2. The learned Advocate for the respondents takes the preliminary objection before me that no appeal lies under Order 43, Rule 1(k) and in support of that position cites the case reported in Akkas Mia v. Abdul Aziz Bepari : AIR1929Cal532 . That authority certainly supports his view, but on the other hand there are cases in which the Patna High Court has interpreted the clause in Order 43 in a different way. It seems to me quite clear on an examination of both Order 22 and Order 43 that I should follow the view of the Patna High Court. Order 22, Rule 9 in terms relates only to a suit. It begins:

Where a suit abates,...no fresh suit shall be brought on the same cause of action.

3. But Rule 11 of Order 22 runs as follows:

In the application of this order to appeals, so far as may be, the word 'plaintiff' shall be held to include an appellant,...and the word 'suit' an appeal.

And there is no dispute before me that an order that an appeal has abated can be set aside under Order 22, Rule 9 as interpreted by Rule 11. Order 43, Rule 1(k) reads as follows:

An appeal shall lie from an order under Rule 9 of Order 22 refusing to set aside the abatement or dismissal of a suit.

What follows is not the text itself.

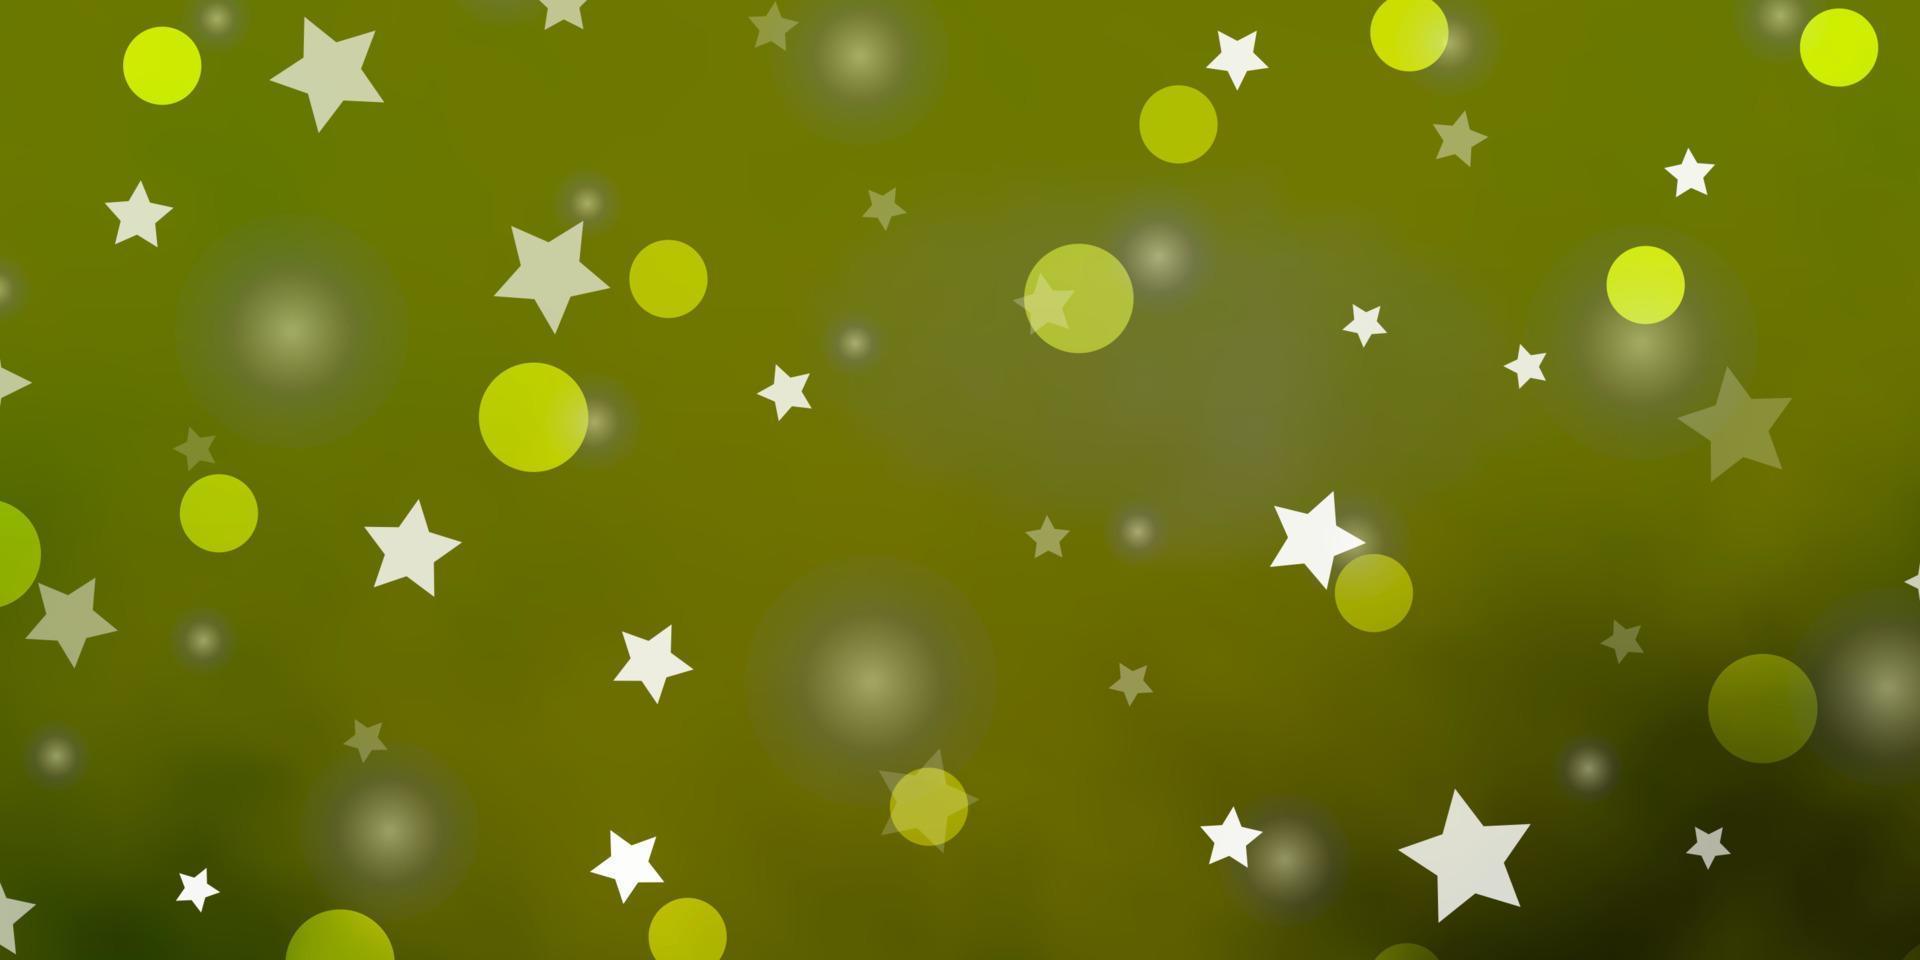 modelo de vetor verde e amarelo claro com círculos, estrelas.

4. It is argued in support of the preliminary objection that the use of the word 'suit' in Clause (k) must necessarily exclude the word 'appeal'. I am unable to accept that argument. It seems to me that the expression 'refusing to set aside the abatement or dismissal of a suit' is merely a compendious way of referring to the provisions of Rule 9. As already stated, Rule 11 of Order 22 makes Rule 9 applicable to appeals. It would be contrary to all rules of logical interpretation, it seems to me, if the word 'suit' in Clause (k) of Order 43, Rule 1 is to bear a different meaning to what it bears in Order 22, Rule 9. I accordingly overrule the preliminary objection and hold that this appeal does lie.

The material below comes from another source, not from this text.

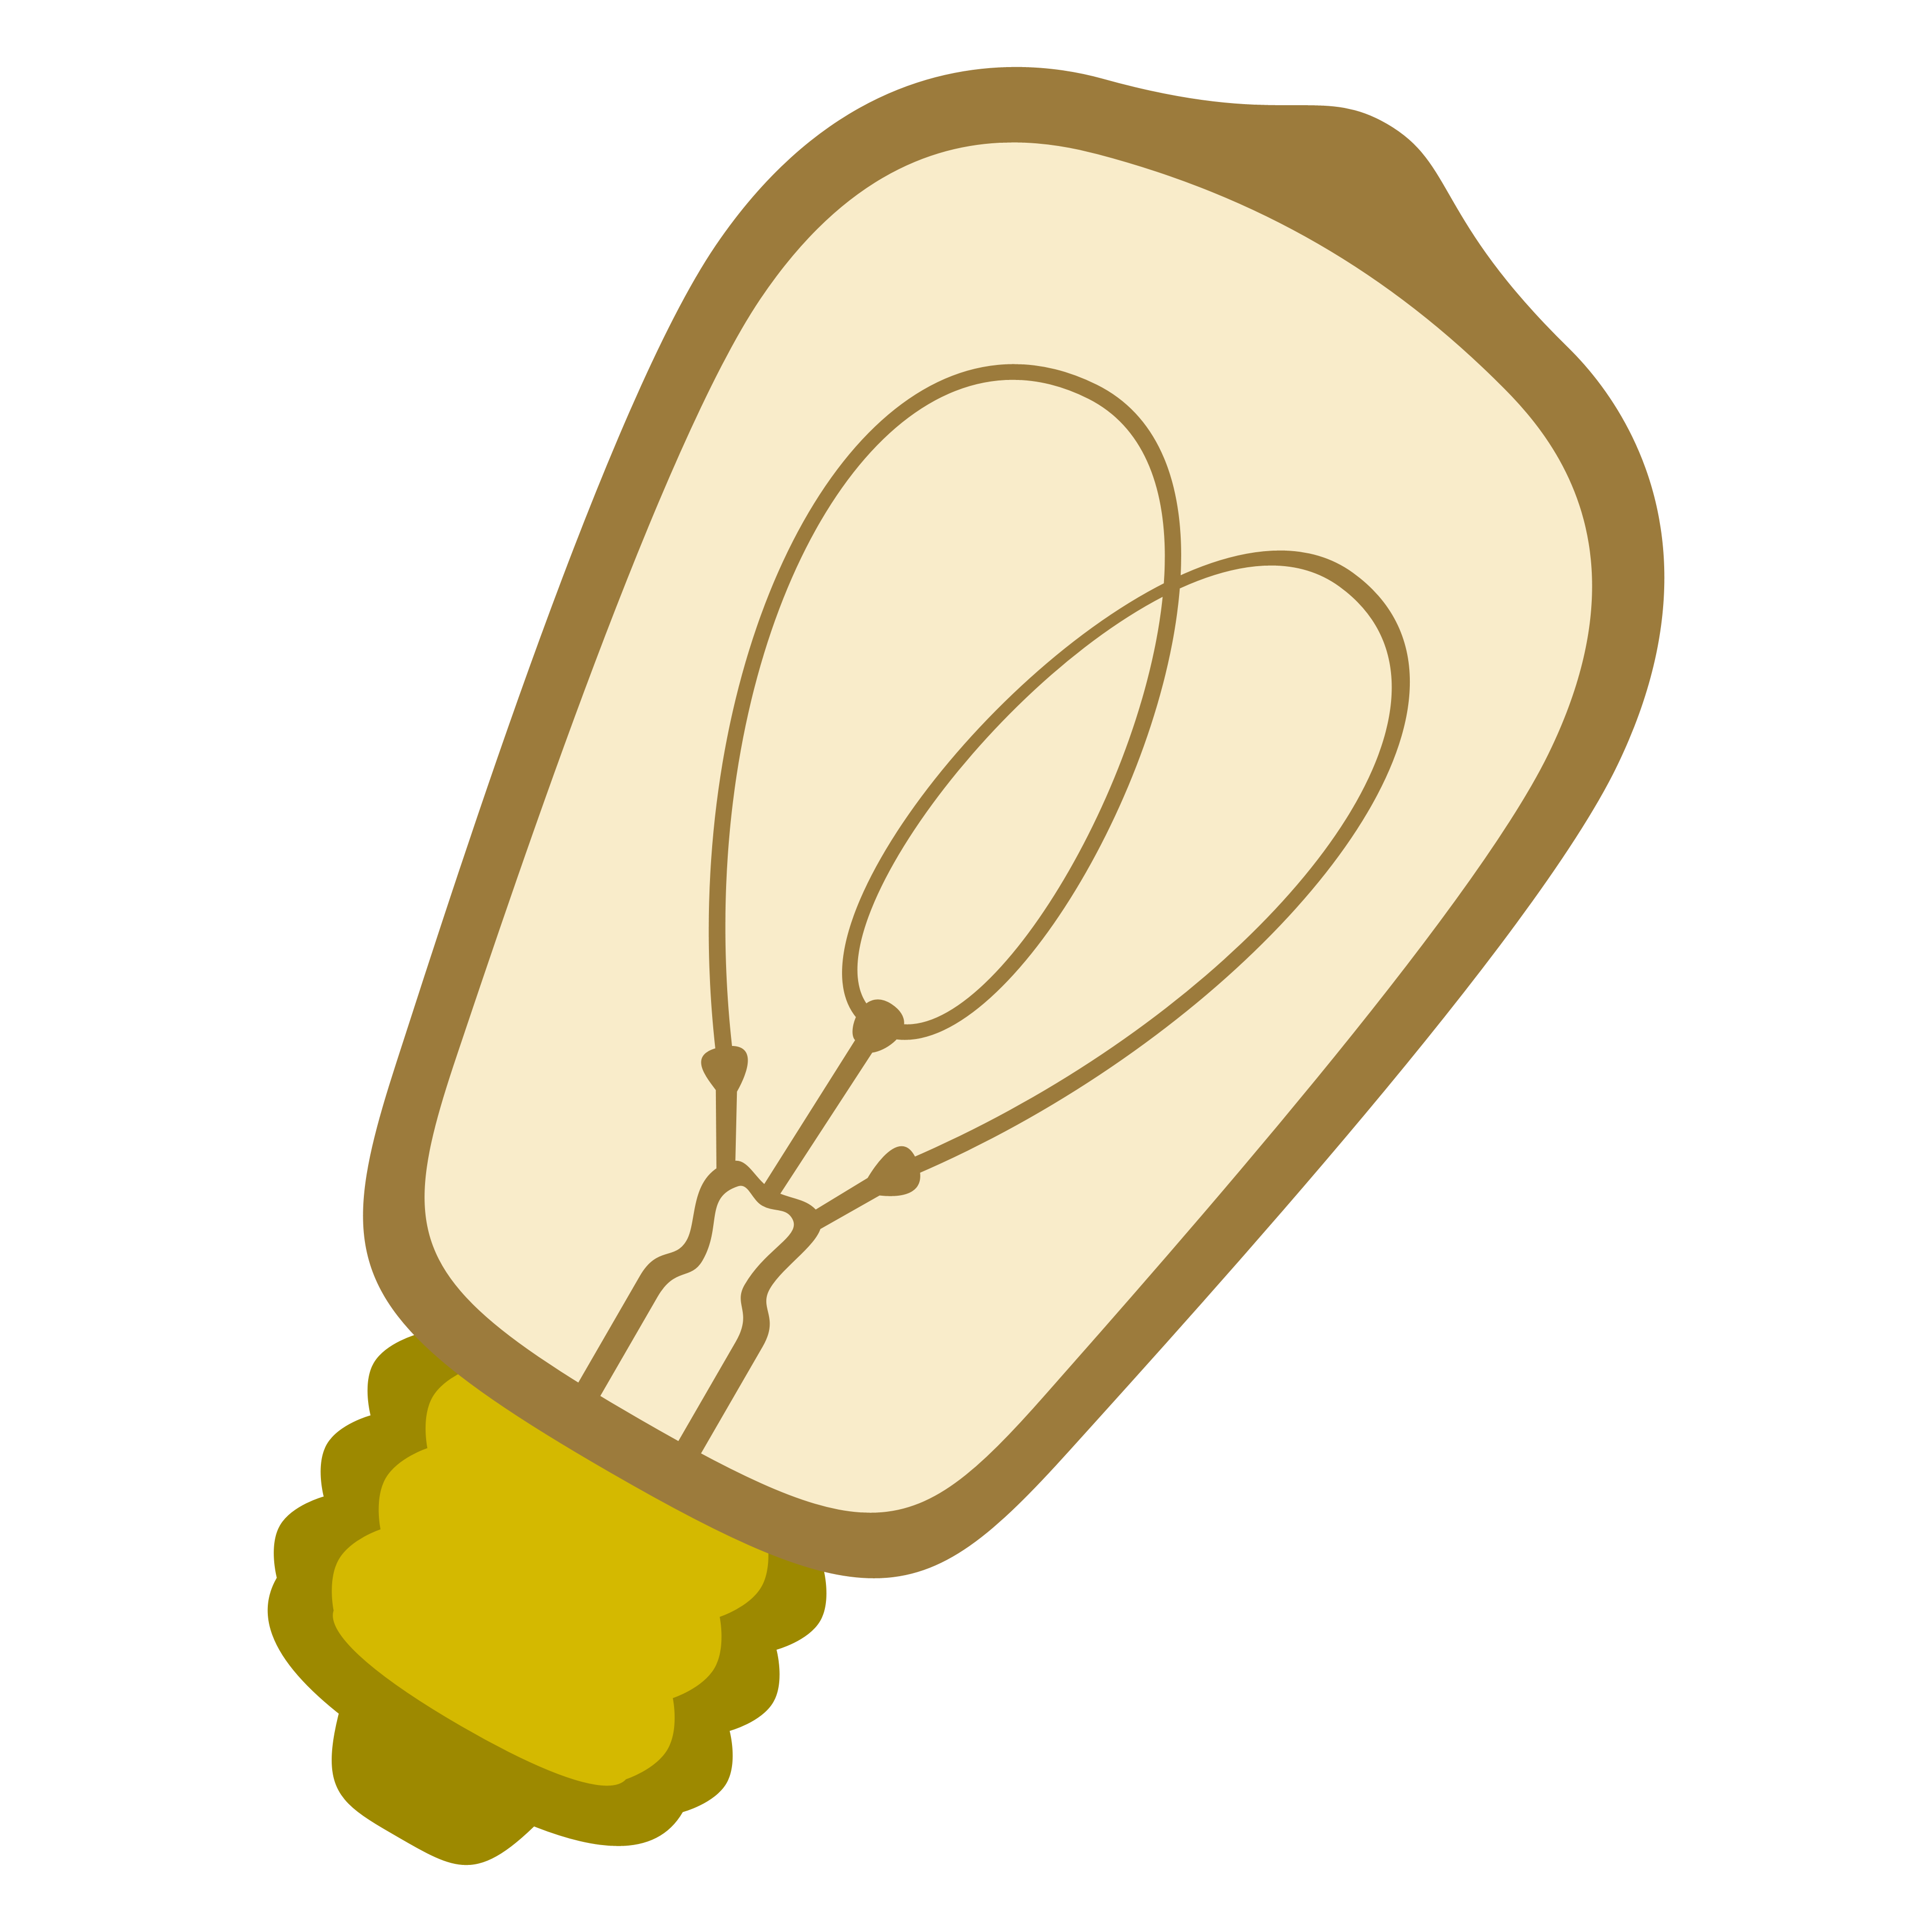 lightbulb clipart lightbulb edison

5. On the merits of the appeal I think the order of the learned District Judge was not one in which he has rightly exercised his discretion. It may well be that if the appellant had been more familiar with legal procedure or if it were shown that he had been in correspondence with his Advocate during this period, he might have taken other steps to bring himself on record in time. But what he states in his affidavit seems to me to show that he has conducted himself with reasonable diligence in this matter. He has done what one might normally have expected a soldier serving in a foreign province to do. He states that he has prepared an affidavit and that his Commanding Officer would not sign it. This matter of course has not actually been proved, but it seems to me that it would never have been stated if it were not true, and once the Commanding Officer had refused to sign the affidavit, one could hardly have expected the appellant to have sought out any other public official in a distant place like Jubbulpore. Although, the appellant does not state explicitly that in his mind the only practicable way of bringing himself on record was to come to Vellore and there prepare the necessary affidavit and take the necessary steps, I think it is a reasonable inference from a perusal of the affidavit as a whole that that was the impression which existed in his mind, an impression which in my opinion is not in all the circumstances of this case an unreasonable one. I would therefore set aside the order of the learned District Judge and the abatement of the appeal and allow the appellant to be brought on record as the legal representative of the appellant in that appeal and order that the appeal be duly heard and disposed of according to law. In the circumstances of this case I think the fairest order in regard to costs is that each party should bear his own costs throughout.